ULISH CARTER

A few months ago, Bruce Murphy, executive vice president of KeyBank, visited the New Pittsburgh Courier in an editorial board meeting, and stated that his bank had committed $6 billion to community development all over the country including Pittsburgh. A story in the Courier demonstrated that he wasn’t just talking the talk.

A check for $1 million was written out to Pittsburgh Promise for graduating Pittsburgh Public School seniors in need of money for community colleges, trade schools, or four-year universities.

Unlike the $500 or $1000 scholarships some noted organizations give for one or two semesters that may cover books, the Promise gives up to $2,500 per semester, per year, depending on the need of the student as long as that student carries a passing grade-point average at the school they entered.

The Pittsburgh Promise is the greatest thing to happen to the students in Pittsburgh Public Schools. It’s great to see banks such as KeyBank along with other businesses in Pittsburgh supporting this effort. This is an effort that needs to be duplicated in every city across the U.S. This doesn’t just help Blacks—it helps all poor, low-income, and middle-income families throughout the city, Black and White. Education is our community’s greatest need, but without money the greatest students can’t attend college.

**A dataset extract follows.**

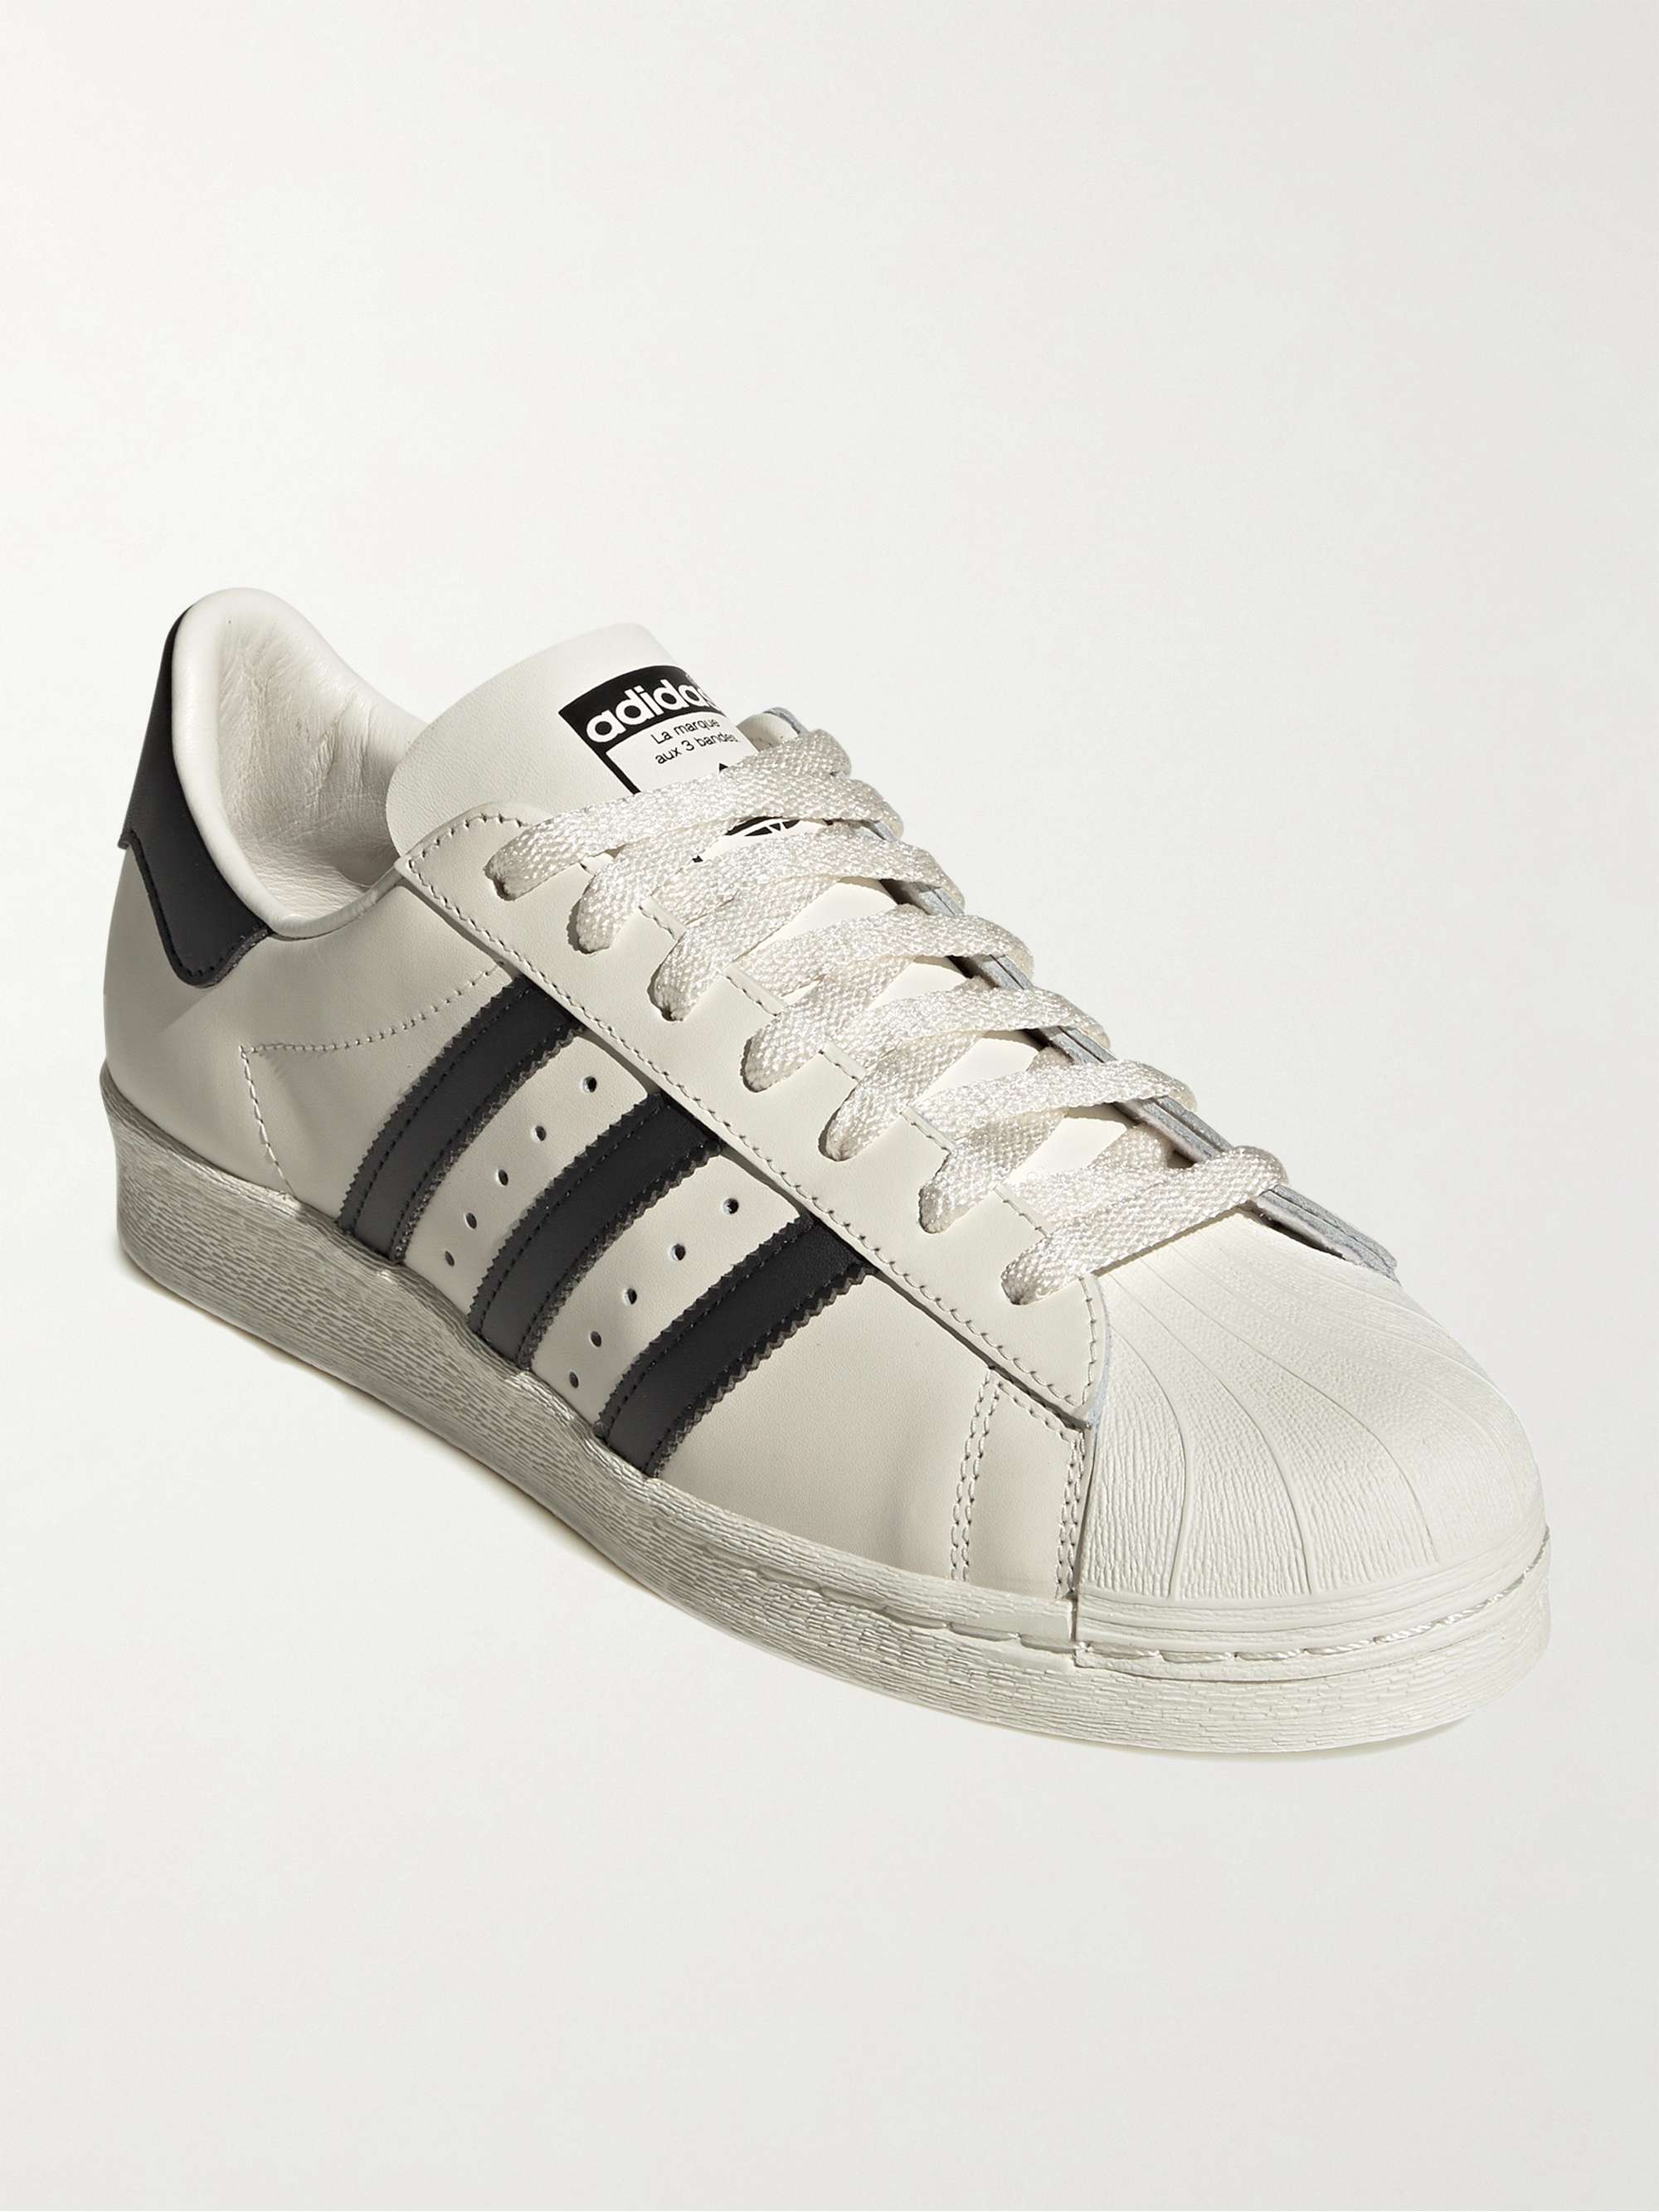 White Superstar 82 Leather Sneakers | ADIDAS ORIGINALS | MR PORTER

“When making an investment of this size, you want to make sure it’s managed well,” KeyBank executive vice president Margot Copeland said to Courier reporter Christian Morrow. “It’s not enough to get students into college, we have to graduate them. The completion aspect is very important to us, and we’re pleased with the results the Promise has shown.”

She went on to say that they are thinking about starting a Promise in Cleveland.